We adjusted for demographic and environmental covariates (sex, age, and smoking score) in the linear regression models, although we acknowledge that cellular proportions are also influenced by BMI, exercise, diet, and illness. We adjusted for a calculated smoking score rather than rely on self-reported smoking behavior. Despite the potential health risks of cannabis or illicit drug use, we were limited by self-reported use and did not adjust for their potential influence on WBC proportions. With health status in mind, we selected participants aged 18-48 years to avoid confounding due to potential health complications experienced later in life, including medications used in internal medicine, especially for patients.

Regarding the circadian cycling of WBC, our study was limited by available data for cases and controls within a 7-h time frame. In addition, archival whole blood DNA samples were used as we did not have access to actual cell counts. Ideally, a 24-h study with blood samples drawn at several intervals would be beneficial, and ultimately followed by a longitudinal study. Nevertheless, compared to flow cytometry, DNAm-based cell-type estimation derived from deconvolution methods is reproducible [40], and archival DNA and 5-methylcytosine are both stable [41].

Quality control of our methylation data was reinforced by the use of {Combat} for sensitivity and {SVA} for specificity [42]. These steps corrected sources of methylation variability in the data due to batch effects. The reference library selected for cell-type estimations by Salas [43] et al. uses a machine learning approach to optimize the accuracy of cell fraction estimates obtained from cell mixture deconvolution. This library is reported to have a consistently higher coefficient of determination (R2) and lower root mean square error (RMSE) compared to previous generations of deconvolution algorithms and methylation platforms. The reported estimation of methylation-derived NLR (mdNLR) is also consistent with previous findings from complete blood counts (CBC) where NLR was significantly higher in cancer [44] and positively associated with poor prognosis [45, 46].

A limitation of our models may be seen in the standard errors (SEs) (Supplementary Tables 5-8). Here the SEs were larger than the effect sizes for all cell types except for neutrophils, which represent the largest proportion of the six cell types and are more predominant early in the day [4]. The largest SEs were seen in the 12-h analysis suggesting a poor model fit, possibly due to fewer blood samples from cases in the afternoon. The SEs for NLR were largest for the medication-free samples, most likely due to the small sample size.

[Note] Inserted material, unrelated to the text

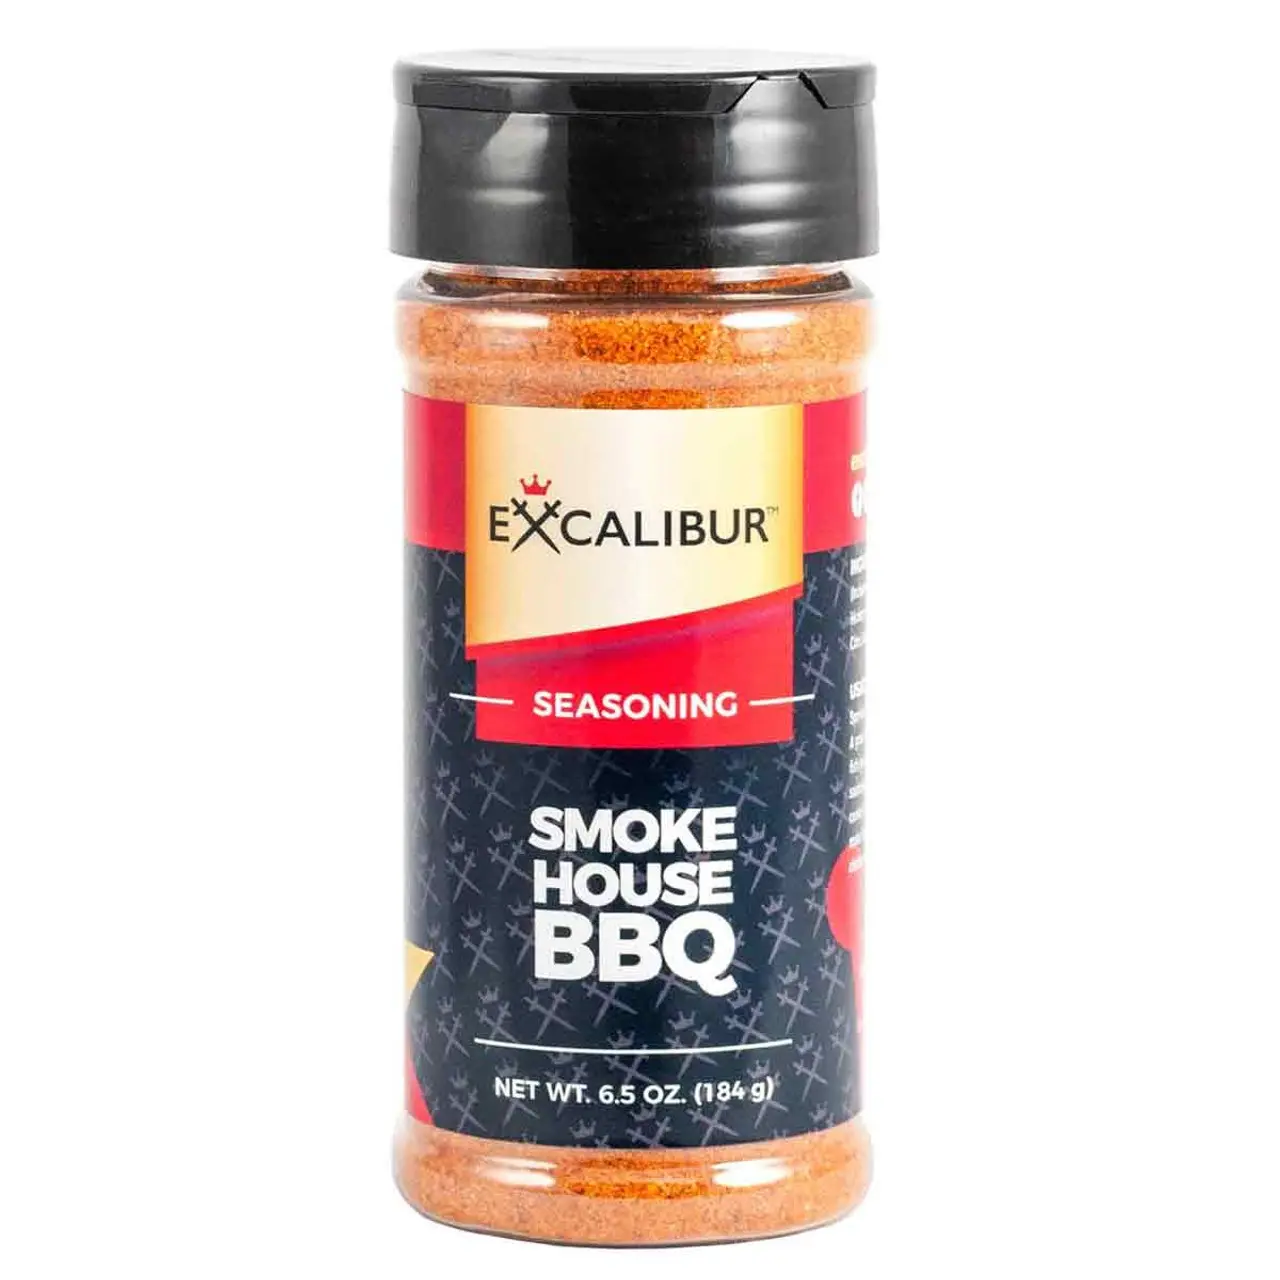 smokehouse bbq seasoning - What is the best seasoning for smoking meat

In our study, we sought to show that there was a general effect of polypharmacy on WBC counts compared to unmedicated samples. An expanded sample size of SCZ adhering solely to antipsychotics, however, would enhance our understanding of the specific effect of antipsychotics on cell counts, in contrast to detangling the potential anticholinergic burden of polypharmacy. Lastly, when evaluating the impact of polypharmacy on WBC proportions, it was not in the scope of this study to evaluate the half-lives of the different psychotropic drugs in the medicated samples nor to appraise the known influence of circadian rhythms on drug distribution in the blood [47]. Future longitudinal studies may enhance circadian research in psychiatric disorders, potentially contributing to the optimal time of day for medication efficacy.

Conclusion

Our study reports that SCZ is significantly associated with changed proportions of neutrophils, CD4+T, CD8+T, and B-cells compared to healthy controls. This association remains significant after adjusting for time of day, although the effects are diminished compared to the unadjusted model. In addition, further investigation of medication effects is necessary to distinguish the biological effects attributable to SCZ more clearly from those attributable to treatment. Our results suggest that acknowledgment of time of day as an essential variable may enhance the accurate characterization of SCZ cases versus controls. Therefore, consideration of the temporal dimension in study design may contribute to this aim and promote much-needed reproducibility in biomedical research [48, 49].